Now, we talk daily (except when they’re are phone issues) and I love it. The conversations are different–some days Mom has a hard time, and we talk a lot of daily logistics–but we talk about regular mother/son/Mimi stuff too. A lot. What’s up with the kids, who she talked to at lunch or dinner, what’s going on with Lindsay and I. We talk about the normal stuff. Every day, sometimes more! And it’s awesome.
Mom’s reality due to her condition is that she doesn’t retain a lot of these conversations, but I’ve realized over time it doesn’t make them any less impactful for me. I love it just the same. So much so that I wish we’d always been daily mom/son talkers. When I get out of my own head and take a step back, this is most certainly a bright side.
Mom owns her dementia. It doesn’t own her.
I’m proud of Mom for how she fights. Mom’s declined, and of course she gets down and sad at times. I put on a brave face and work hard to be the positive one, but it’s sad for me too. It’s our new normal. She’s not the same as she was four years ago.

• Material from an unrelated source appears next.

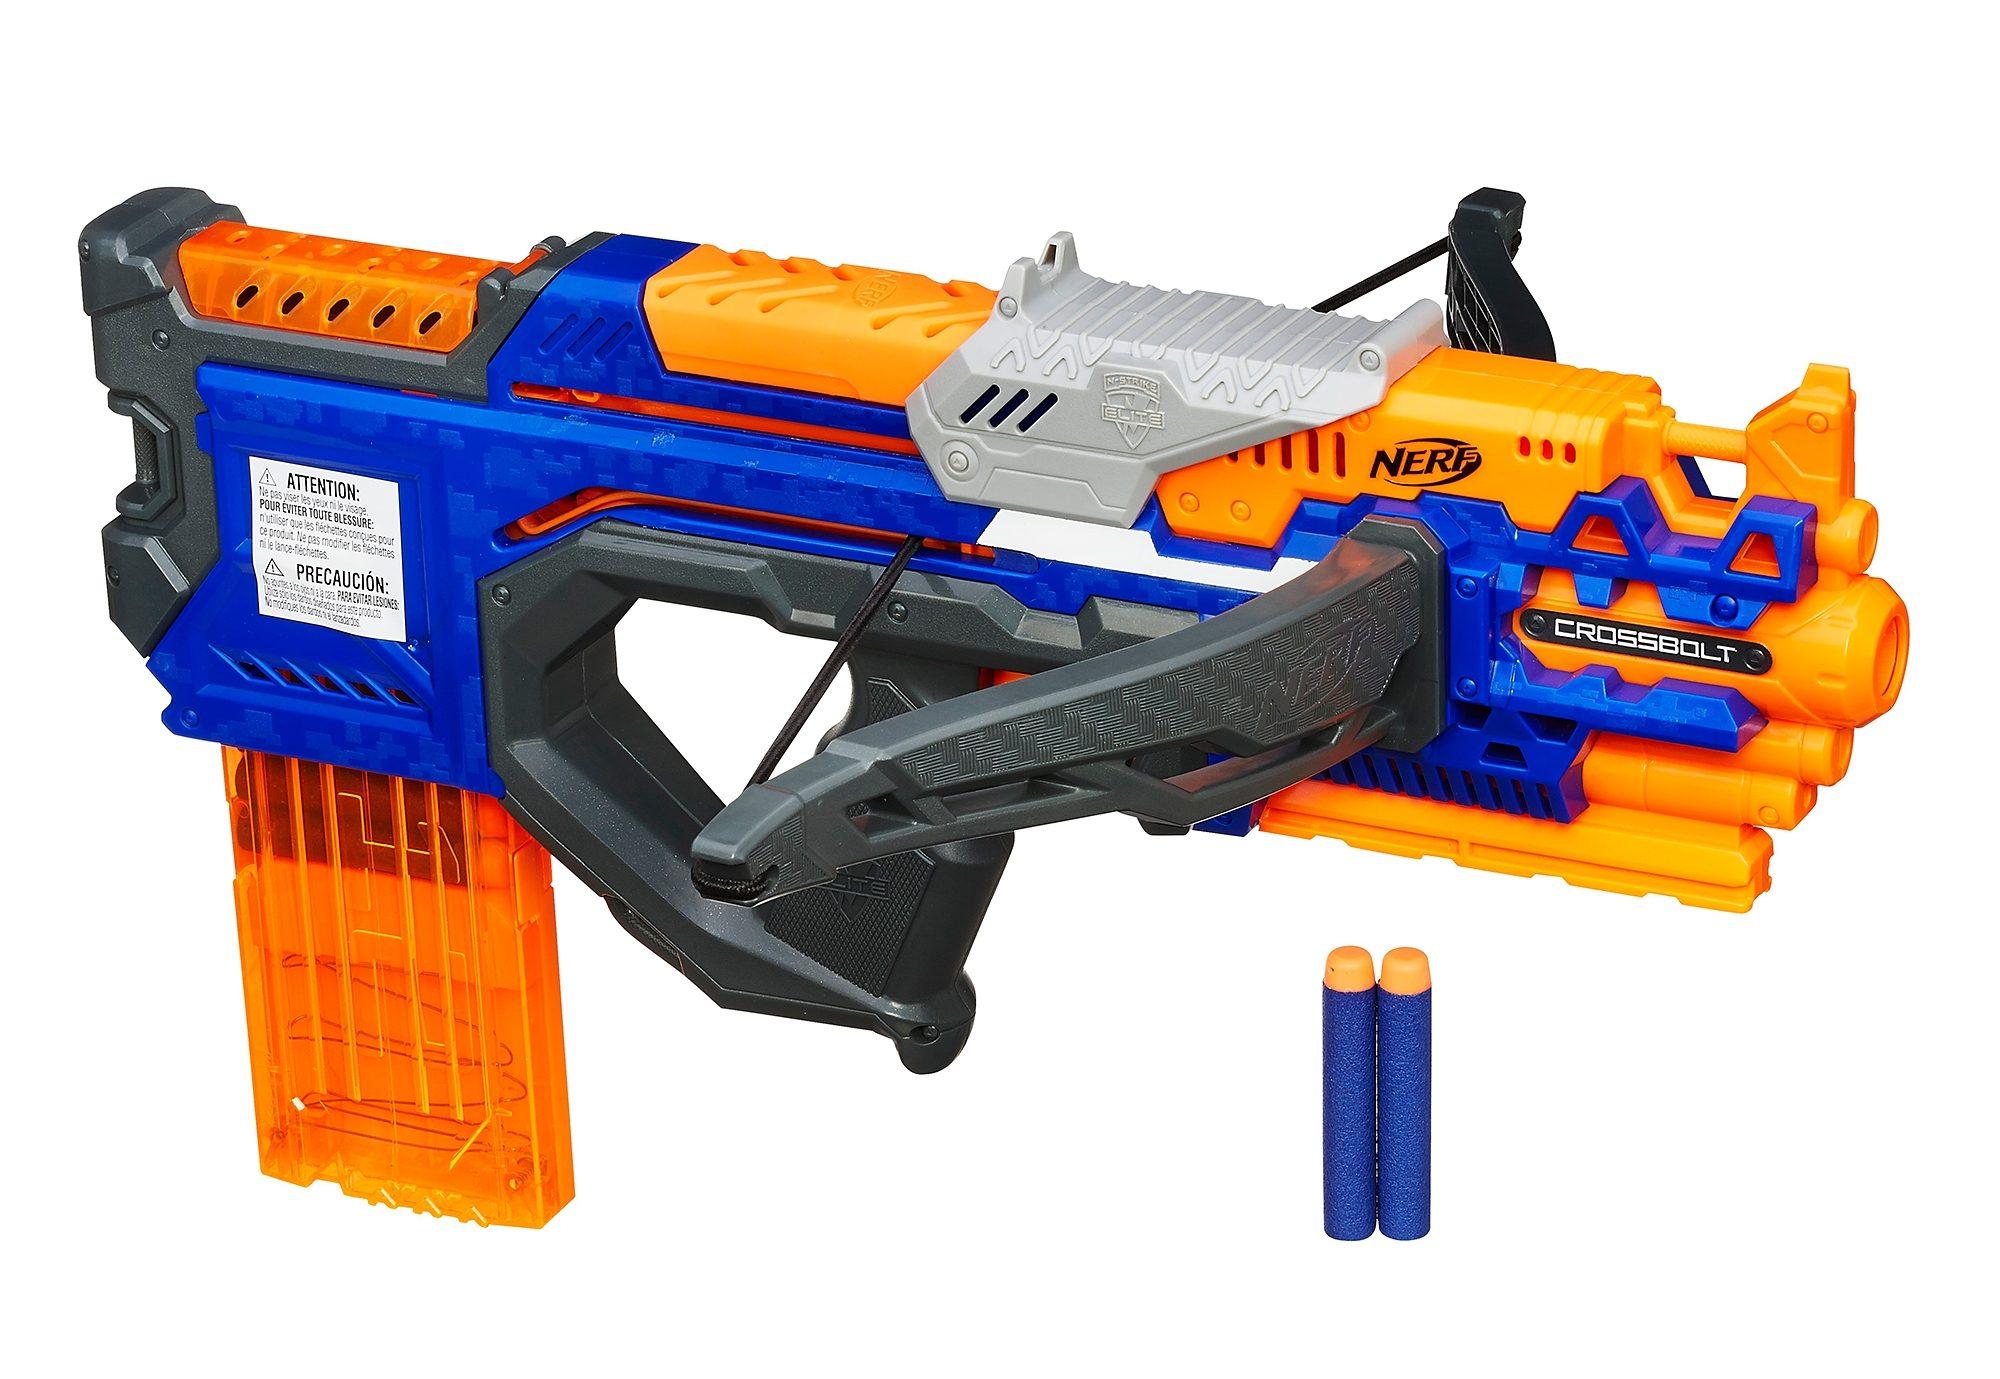 Hasbro Armbrust »NERF N-Strike Elite XD CrossBolt«

She’s not even quite the same as she was a couple of months ago. But the way Mom fights inspires me.
She pushes herself and puts herself out there. Mom doesn’t have the confidence that’s been her hallmark, but she puts herself out there anyway. I’m proud of her for that. It helps me and her friends and all those that know her to see Rosemary first, instead of her condition. She’s courageous and I’m proud. Definitely a bright side.
The staff at her assisted living community
They’re wonderful. Every time I’m there, I feel thankful for them. They’ve made a conscious and concerted effort to get to know Mom and it’s clear they care. In doing so, they help Mom make sure that she owns her dementia and not the other way around. They help her see Rosemary first, so Mom can then do all she can, to make sure we all do too. I’m beyond thankful for that.
This is the biggest of all. More than a bright side, it is a true gift. I see the world around me differently now. My lens is more thoughtful and empathetic. Caregiving gave me that. It has refined my view and understanding of what is really important in life. It’s shown me what really matters.
Watching Mom live with dementia (see #2 above) and the job of caregiving have been a master class in real perseverance. These are things that transcend caregiving and will help me live a better life. I’m a better person for having had the experience.
Would it have come without caregiving? Maybe in time and with age. But I’m glad I have it now and am thankful caregiving gave it to me.
Here’s to caregiving’s bright side
So yeah, I’ve realized (in time) that there are positives to the story we’re writing. I wish we weren’t in the situation we’re in but I’m thankful for the bright sides. To be a better caregiver and person I’m going to give them more attention.
What are your caregiving bright sides?